Как разнообразна окраска сыроежек! Коричневые, серые, фиолетовые, розовые, малиновые, лимонно-желтые, зеленые, голубые, белые! Зачем сыроежкам эта красота? Другие грибы, например белые, рыжики, подосиновики, маскируются под цвет опавших листьев, а эти стоят всем напоказ, издалека заметные и человеку, и зверю.
Сон. Каким-то образом занесло меня в восточный Берлин, и пора мне возвращаться домой. Брожу по улицам, ищу вокзал. Обращаюсь к встречному прохожему. Он меня не понимает.
– Zum Bahnhоf, – говорю я, вспомнив, как «вокзал» по-немецки.
– На метро, – отвечает вдруг немец по-русски.
И тут я вспоминаю, что в Берлине живет Саша Морев. Он вовсе не умер, не наложил на себя руки, а переселился в Берлин. Быстро нахожу его дом где-то на окраине. Дверь квартиры раскрыта настежь. Вхожу. На диване, поджав под себя ноги по-турецки, сидит Саша и пьет водку из «маленькой», пьет особым, невиданным мною доселе способом. На горлышко бутылки надета резиновая младенческая соска, и Саша сосет ее, как грудной младенец.
– Это чтобы растянуть удовольствие, – говорит он и предлагает мне тоже пососать. Я вежливо отказываюсь.
– Ну как ты тут, в Берлине? – спрашиваю я.
– Неплохо, как видишь, – отвечает Саша.
– А все решили, что ты умер, – говорю я, – ни слуху от тебя, ни духу.
Отпуск кончился. Возвращаюсь на службу.
Крылов служил, Лермонтов служил, Тютчев, Фет, Анненский, Сологуб тоже служили. А. К. Толстой писал: «У меня такое отвращение к службе, какова бы она ни была, что даже если бы я хотел фокусом заставить себя подчиниться этому, я бы никогда не дошел до хороших результатов».
Существует мнение, что служба полезна поэту, что она делает его жизнь более разнообразной, многомерной, объемной, что пребывание в двух плоскостях, в двух слоях бытия обогащает душу мечтателя и не позволяет ей истончиться до прозрачности, до распада.
Хлебникова ценю как провидца, пророка, благороднейшего рыцаря поэзии, сражавшегося за подлинность против видимости. Но читать его не люблю.
Хлебниковские тексты хаотичны, отрывочны и лохматы. В этом словесном потоке там и сям виднеются прекрасные куски, но вылавливать их становится скучно уже на двадцатой-тридцатой странице. (Не слишком ли я люблю завершенность, отточенность, сделанность в искусстве? Не чрезмерен ли мой эстетизм?)

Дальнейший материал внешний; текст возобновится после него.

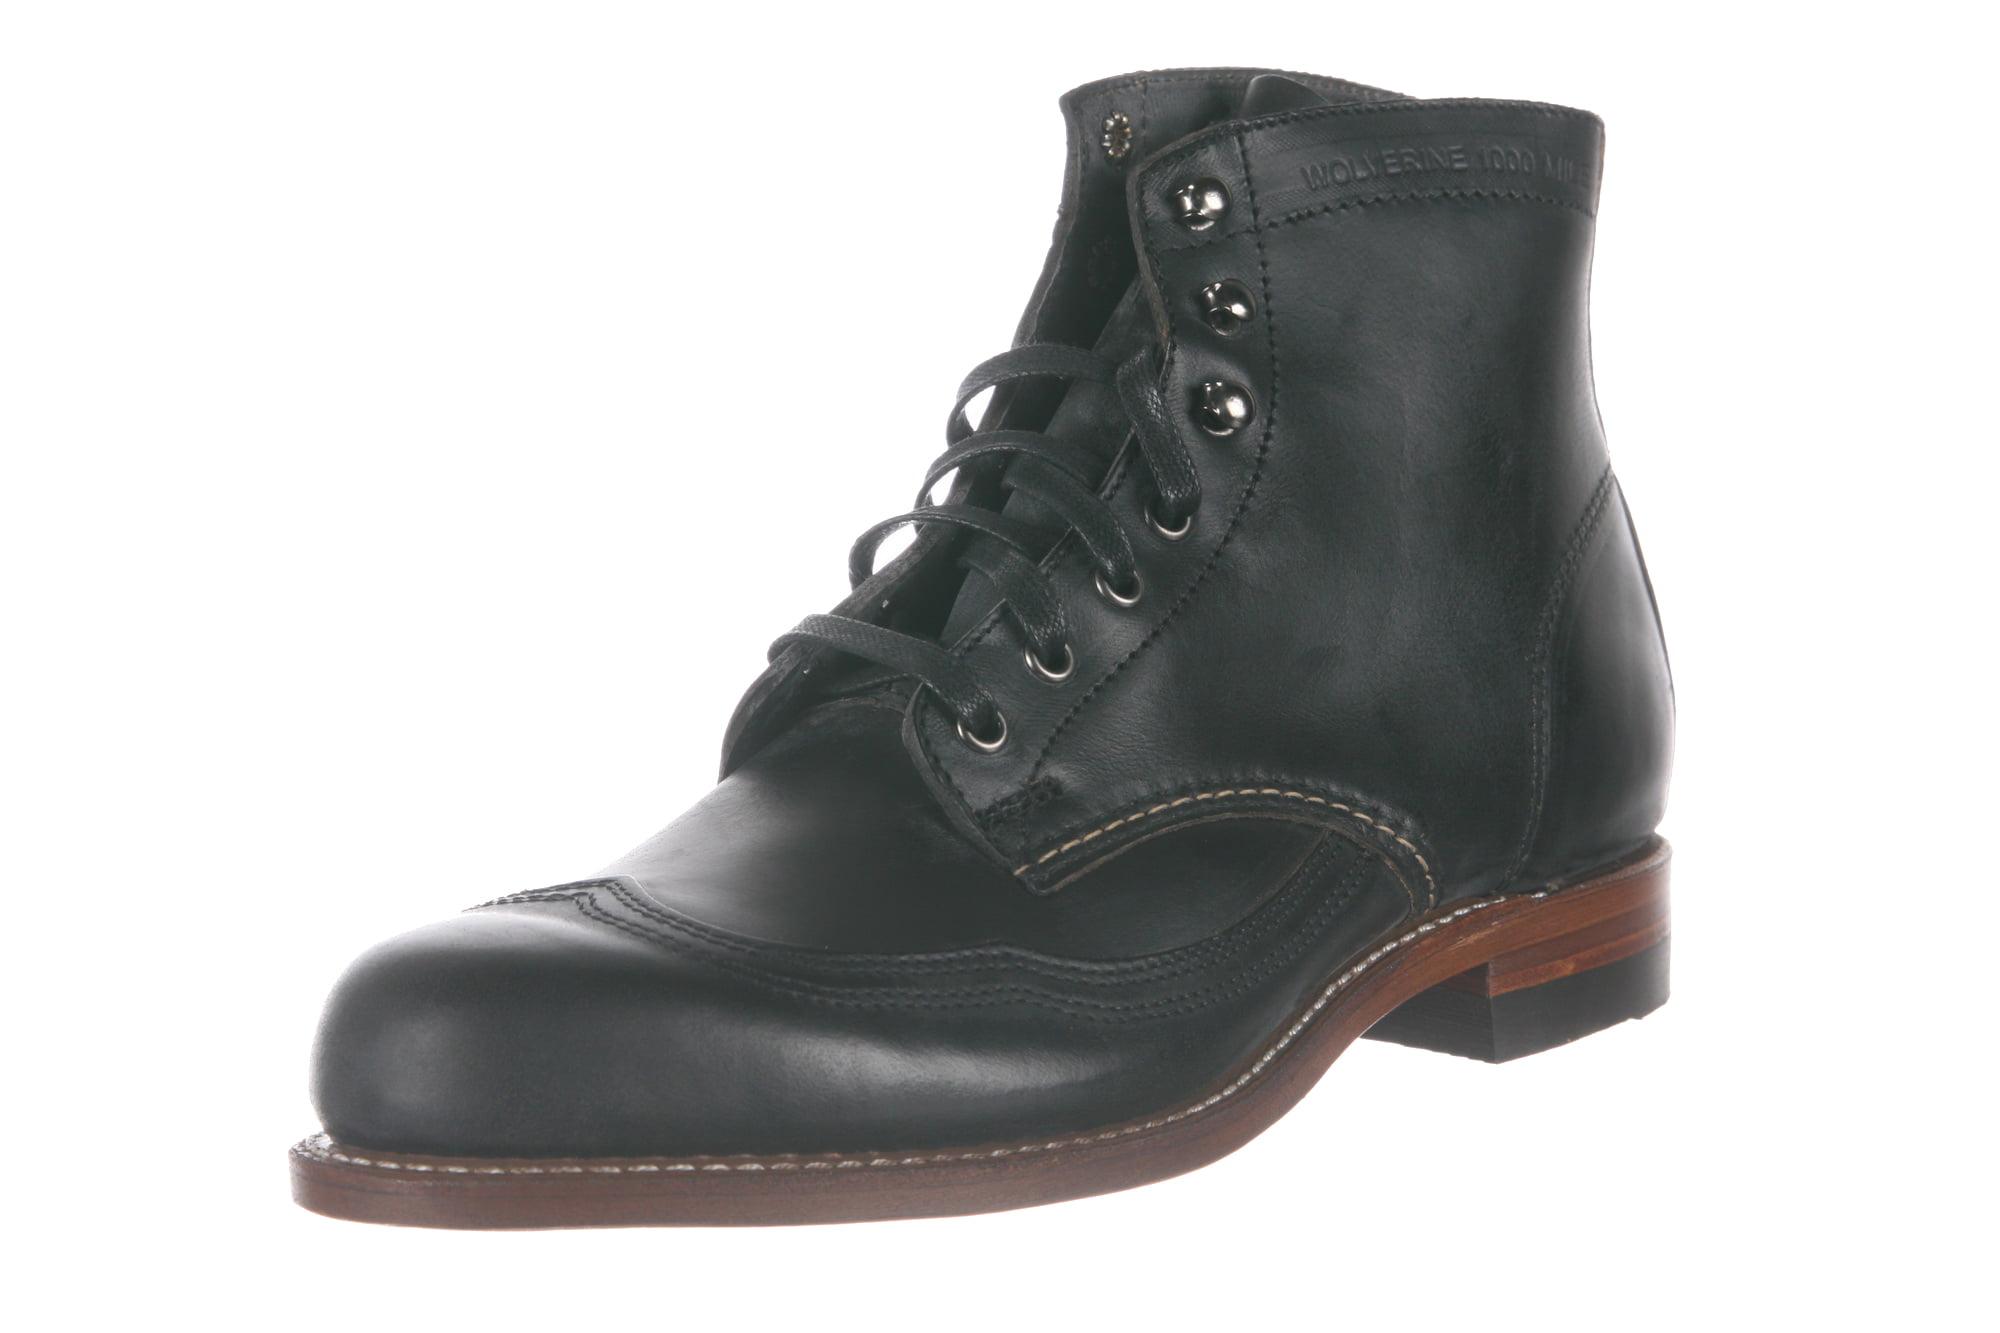 271d7881b34 Wolverine W05342: 1000 Mile Men's Brown Addison Wingtip Boots (9.5 D(M) US  Men)

Лучше всех из русских прозаиков прошлого века писал Гоголь. Его проза густа, вкусна и пахуча. Он отлично чувствует фактуру и смысловые оттенки слов. Он виртуоз интонационной игры. Его ирония безукоризненна, и вкус нигде ему не изменяет.
Достоевский страдает многословием, его романы громоздки, как старинные резные шкафы. Его талант ярче всего проявился в малых формах («Белые ночи», «Кроткая», «Сон смешного человека»).

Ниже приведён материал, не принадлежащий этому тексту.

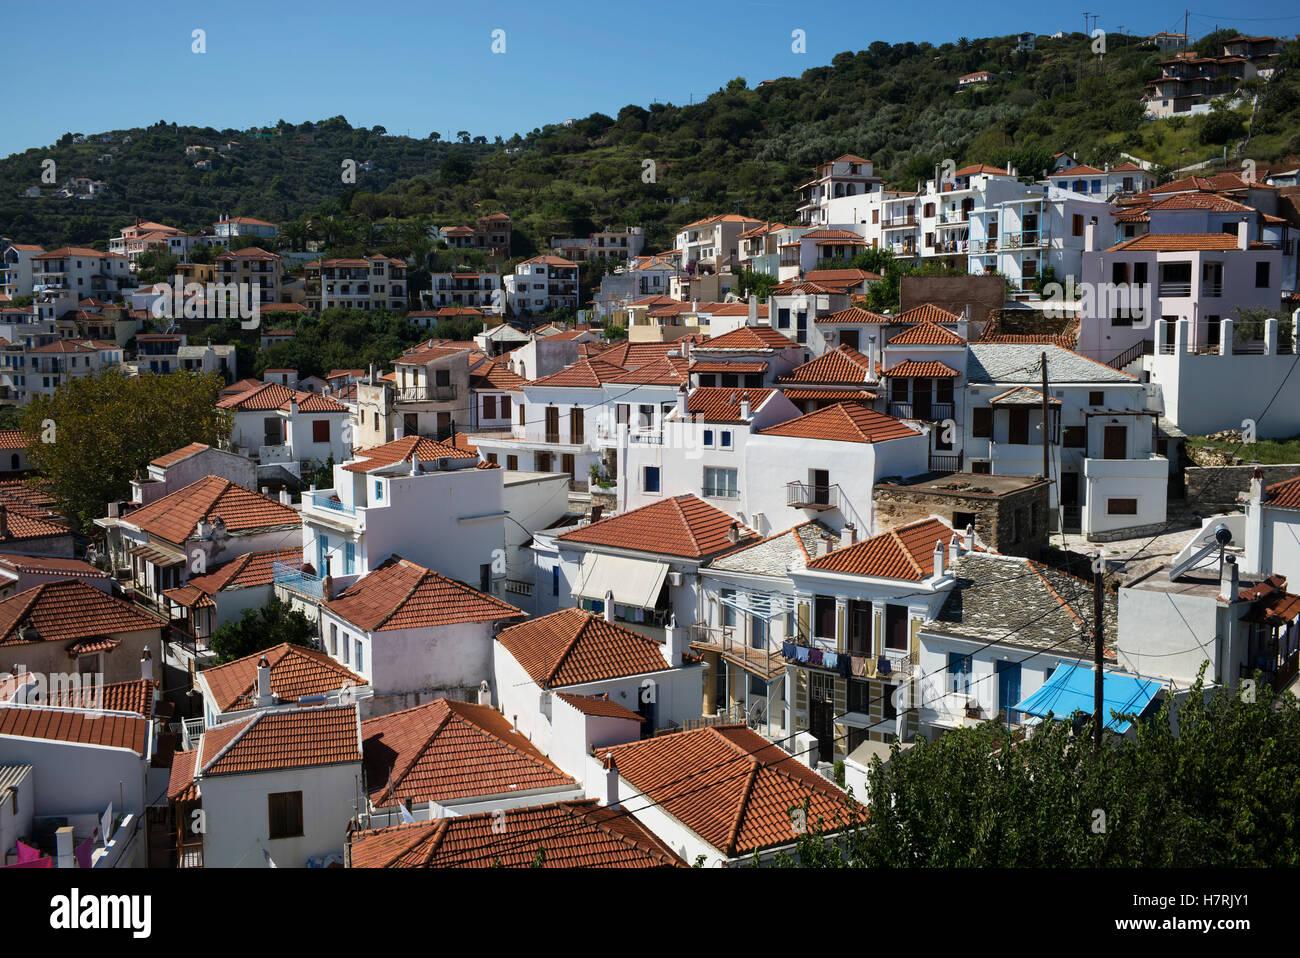 Case bianco marrone con tetti di piastrelle in un villaggio su un

Толстой писал тускло, неровно, неряшливо, временами попросту слабо. Перечитывая «Анну Каренину», я удивлялся корявости и бесцветности его письма.
Тургенев писал красиво, но часто впадал в слащавость. Его проза женственна, в ней больше изящества, чем силы.
Рядом с Гоголем как стилистом можно поставить только Чехова, хотя он работал совсем по-другому.
Большая русская проза XX века пошла за Гоголем. Исключение – Бунин.
Толстой и Достоевский не столько мастера слова, сколько вероучители, проповедники. За это их и ценят.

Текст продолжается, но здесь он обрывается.